The method according to any one of claim items 8-11, wherein the method further comprises: extracting global features of the film frame; Using the character spatio-temporal features to determine the third attention distribution weight in the global features; updating the global features using the third attention distribution weights; The step of performing behavior recognition on the movie frame based on the spatio-temporal characteristics of the character to obtain a recognition result includes: Based on the updated global features, crowd behavior recognition is performed on the movie frame to obtain a crowd behavior recognition result.

The method according to claim 12, wherein, after using the third attention distribution weight to update the global features, the method further includes: The updated global feature is used as a new global feature, and the person's spatio-temporal feature is used as a new character feature, and the global feature and the person's spatio-temporal feature are iteratively updated until the iterative stop condition is satisfied, and the iteratively updated Global characteristics and character spatiotemporal characteristics; and The step of performing behavior recognition on the movie frame based on the spatio-temporal characteristics of the character to obtain a recognition result includes: Based on the iteratively updated global features, crowd behavior recognition is performed on the movie frame to obtain a crowd behavior recognition result.

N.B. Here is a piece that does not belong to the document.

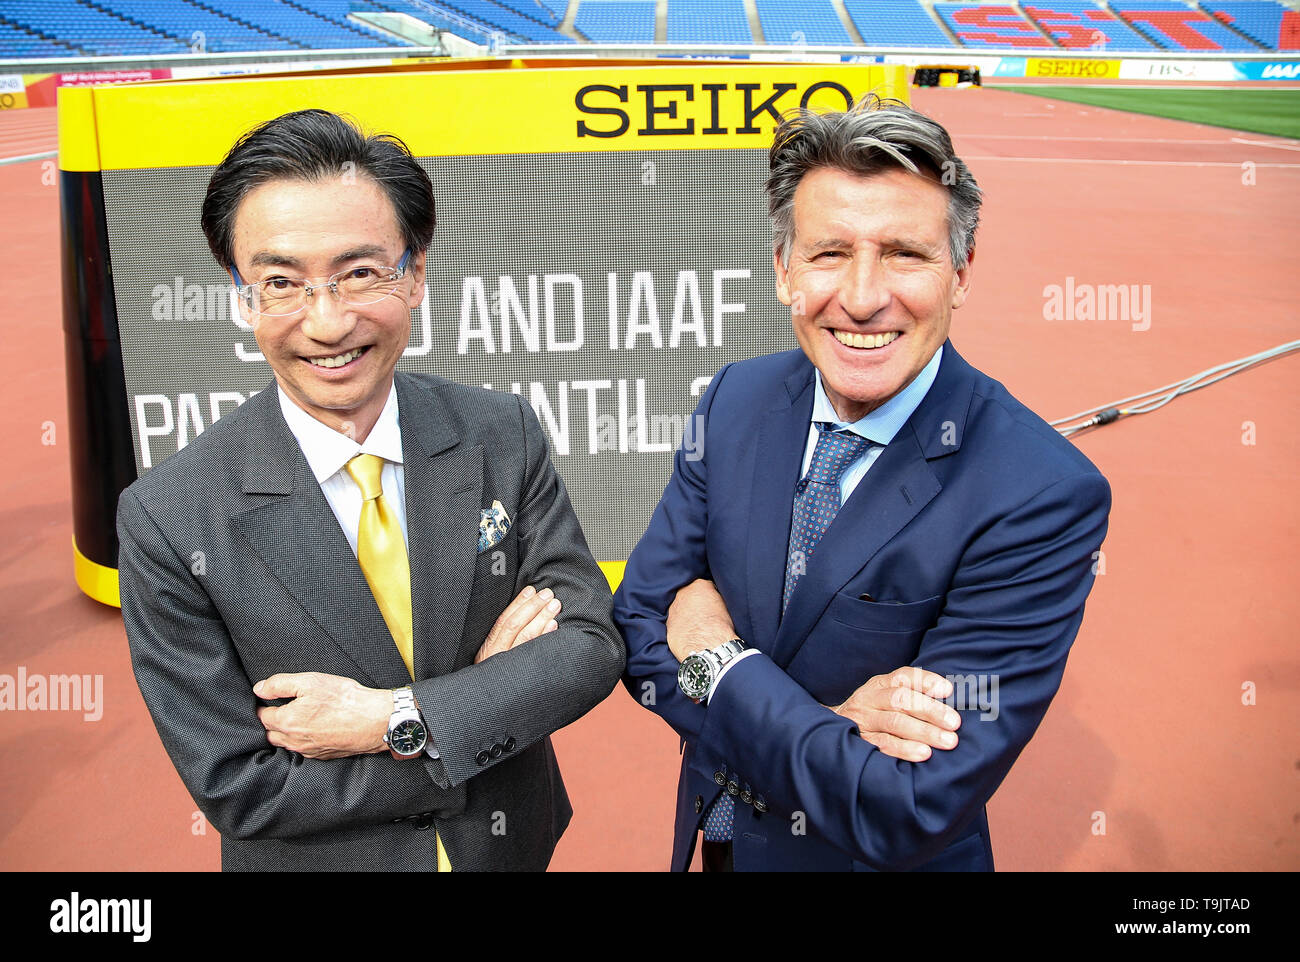 YOKOHAMA, JAPAN - MAY 10: The CEO of Seiko, Mr Shinji Hattori and the IAAF  President Sebastian Coe during the official Seiko announcement at the 2019  IAAF World Relay Championships at the

The method according to claim 13, wherein, after obtaining the iteratively updated global features and character spatio-temporal features, the method further includes: Performing character behavior recognition based on the iteratively updated spatiotemporal features of the character to obtain a character behavior recognition result.

The method as claimed in claim 1, wherein said extracting character features in said movie frame includes: Carry out human body recognition in the video frame to obtain the target rectangular frame of each character; and The features in the film frame are extracted, and the corresponding character features are obtained by matching the features of the extracted film frame by using the target rectangular frame in the film frame.

An electronic device comprising: a processor; and a memory for storing processor-executable instructions; Wherein, the processor is configured to invoke instructions stored in the memory to execute the method described in any one of claim items 1 to 15.

A computer-readable storage medium, on which computer program instructions are stored, wherein the computer program instructions implement the method described in any one of claims 1 to 15 when executed by a processor.